Further, Ms. Alvarez identified someone other than Mr. Malone as the shooter and
picked an entirely different “filler” person as the second person involved. After that,
as found by the trial court, “[n]o law enforcement officer showed either Claudia or
Cindy anymore photos other than the ones shown during the course of the arrays. . .
. [E]ach went several years without contact from the District Attorney’s office or
contacting the District Attorney’s office or without any further interaction with law
enforcement in connection with all these events.” Under these circumstances, for
Lopez and Alvarez to be shown pictures and a videotaped interview, even for just a
few minutes, of the person now on trial for murder goes far beyond the line where
trial preparation ends and witness coaching begins.

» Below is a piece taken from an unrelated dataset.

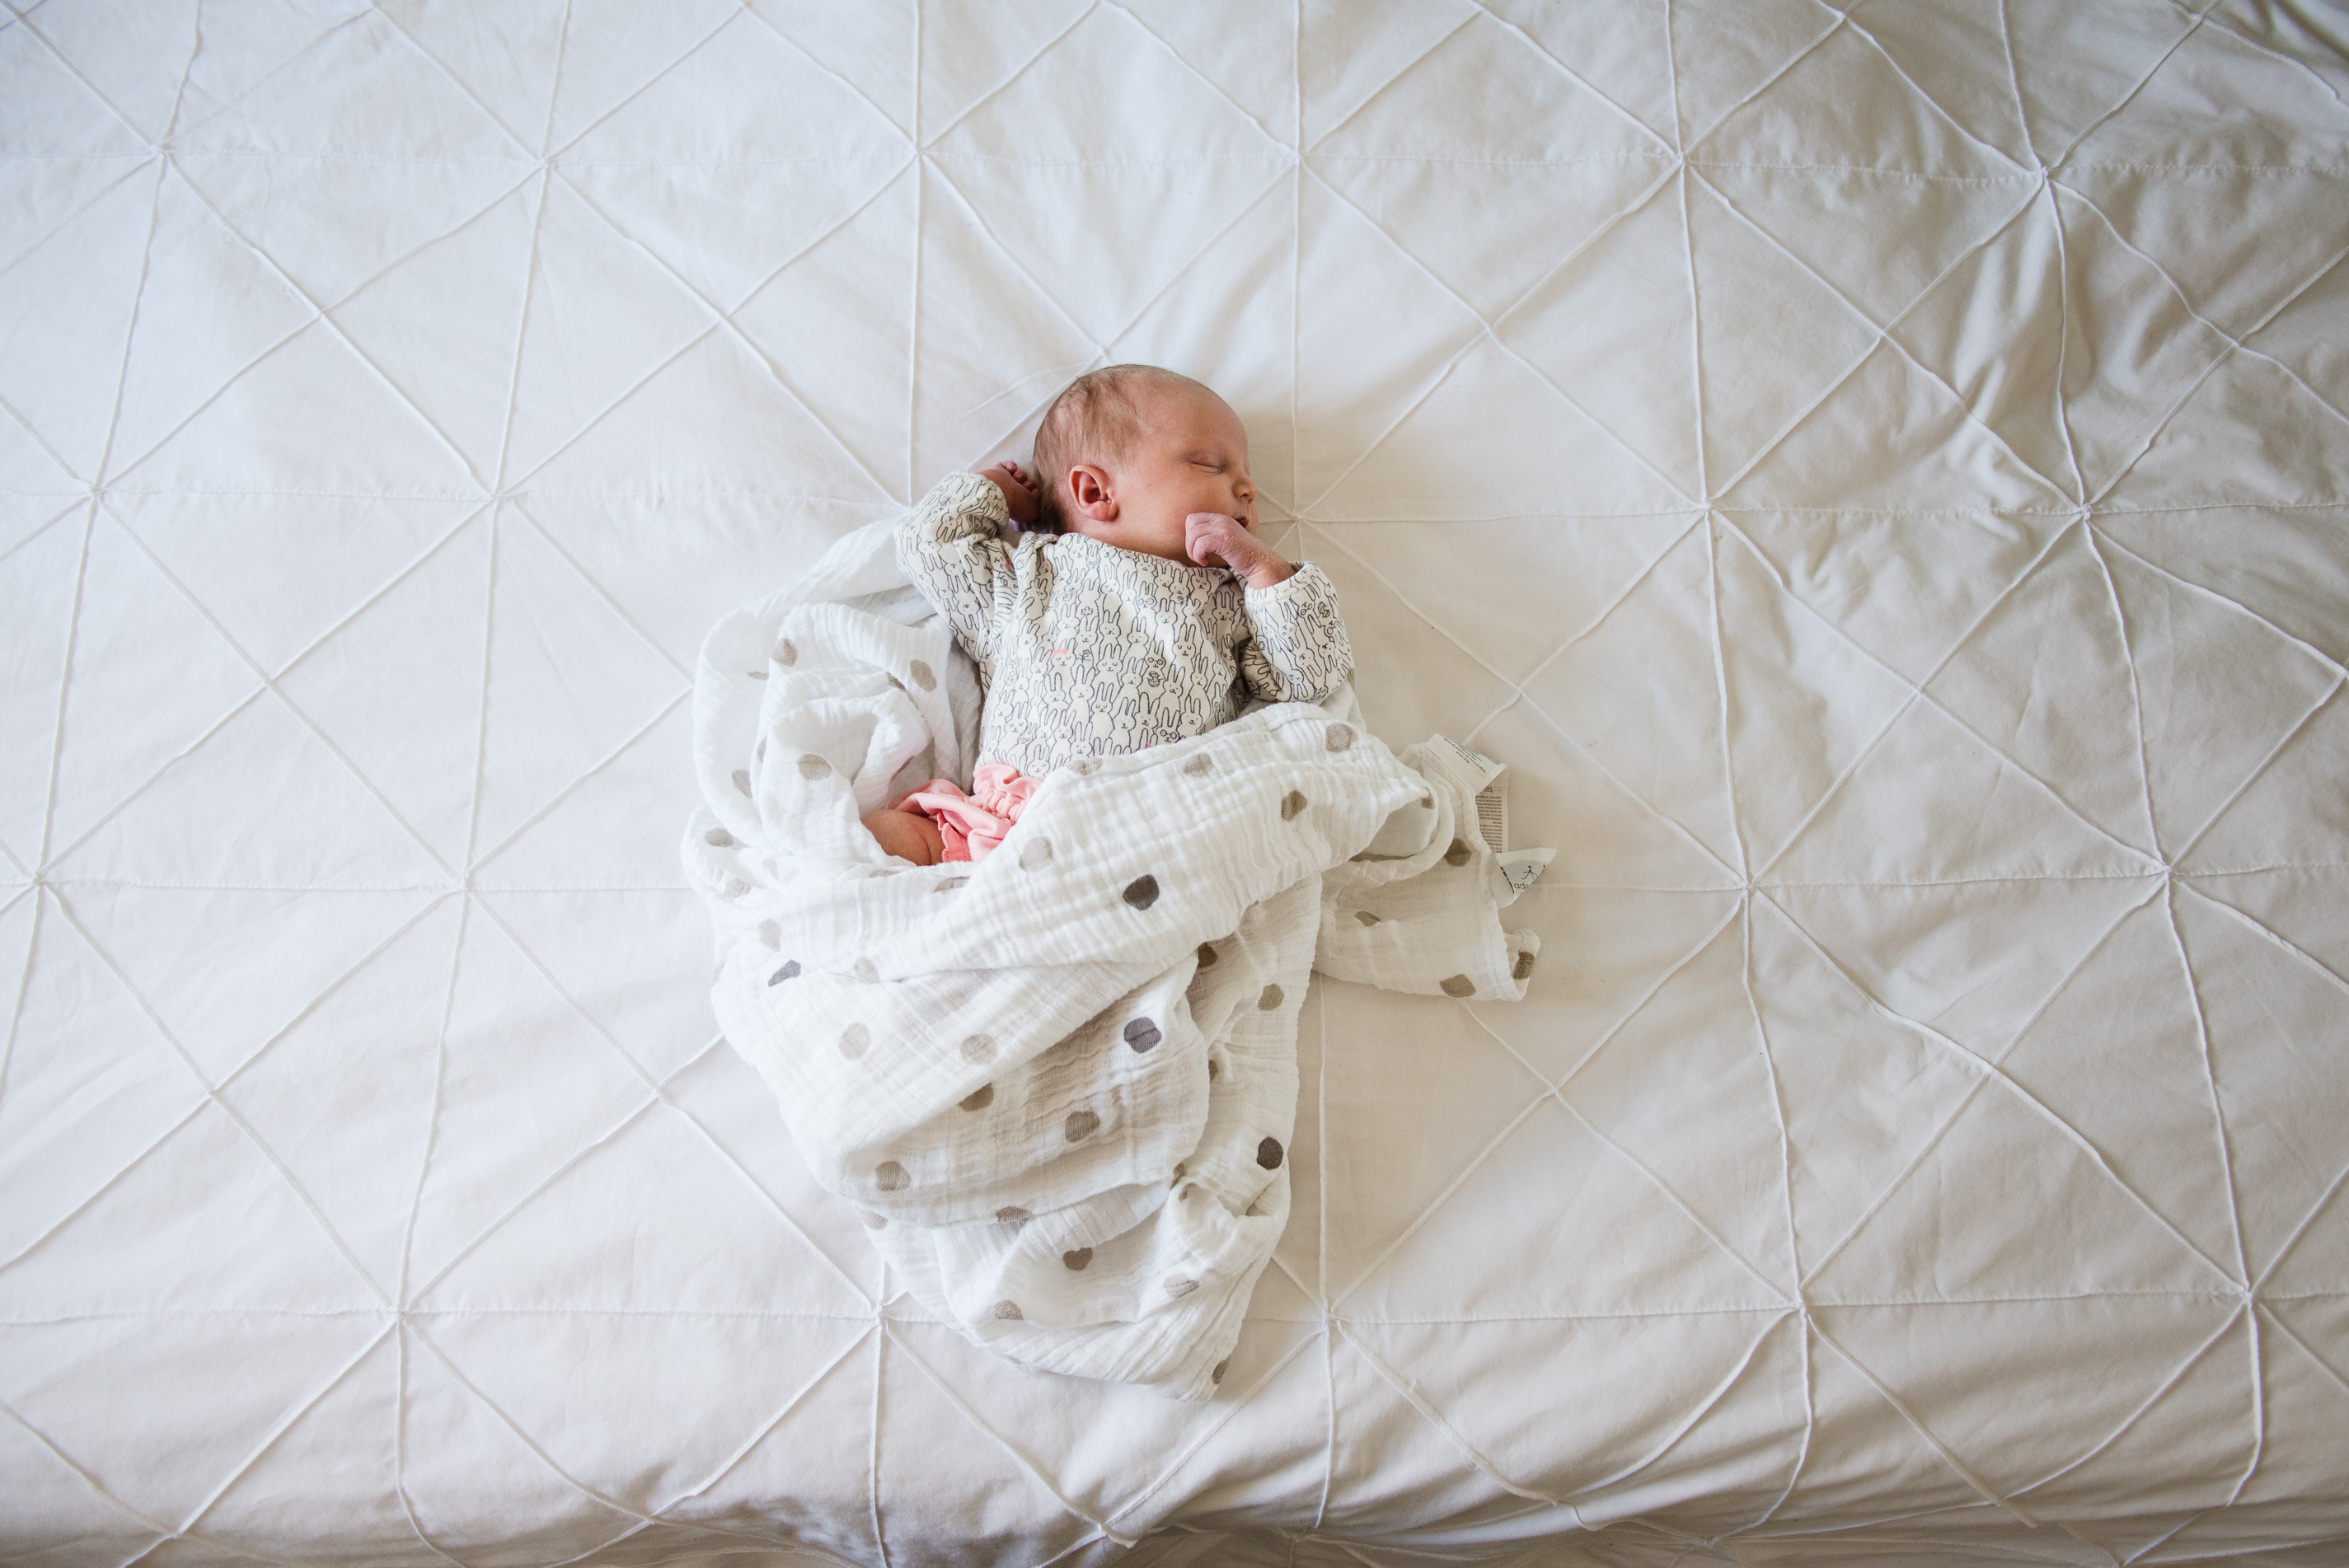 A newborn baby sleeping soundly on a bed.

The facts as found by the trial
court in this case lead inescapably to the legal conclusion that the procedures
employed by the District Attorney’s office on 29 February 2016 were impermissibly
suggestive.
To be clear, our conclusion that impermissibly suggestive procedures were
used in this case is based on the photographs and video of Mr. Malone that Ms. Lopez
and Ms. Alvarez viewed a few days before trial.
Although an impermissibly suggestive identification procedure was used
during the 29 February 2016 meeting between Ms. Smith, Ms. Lopez, and Ms.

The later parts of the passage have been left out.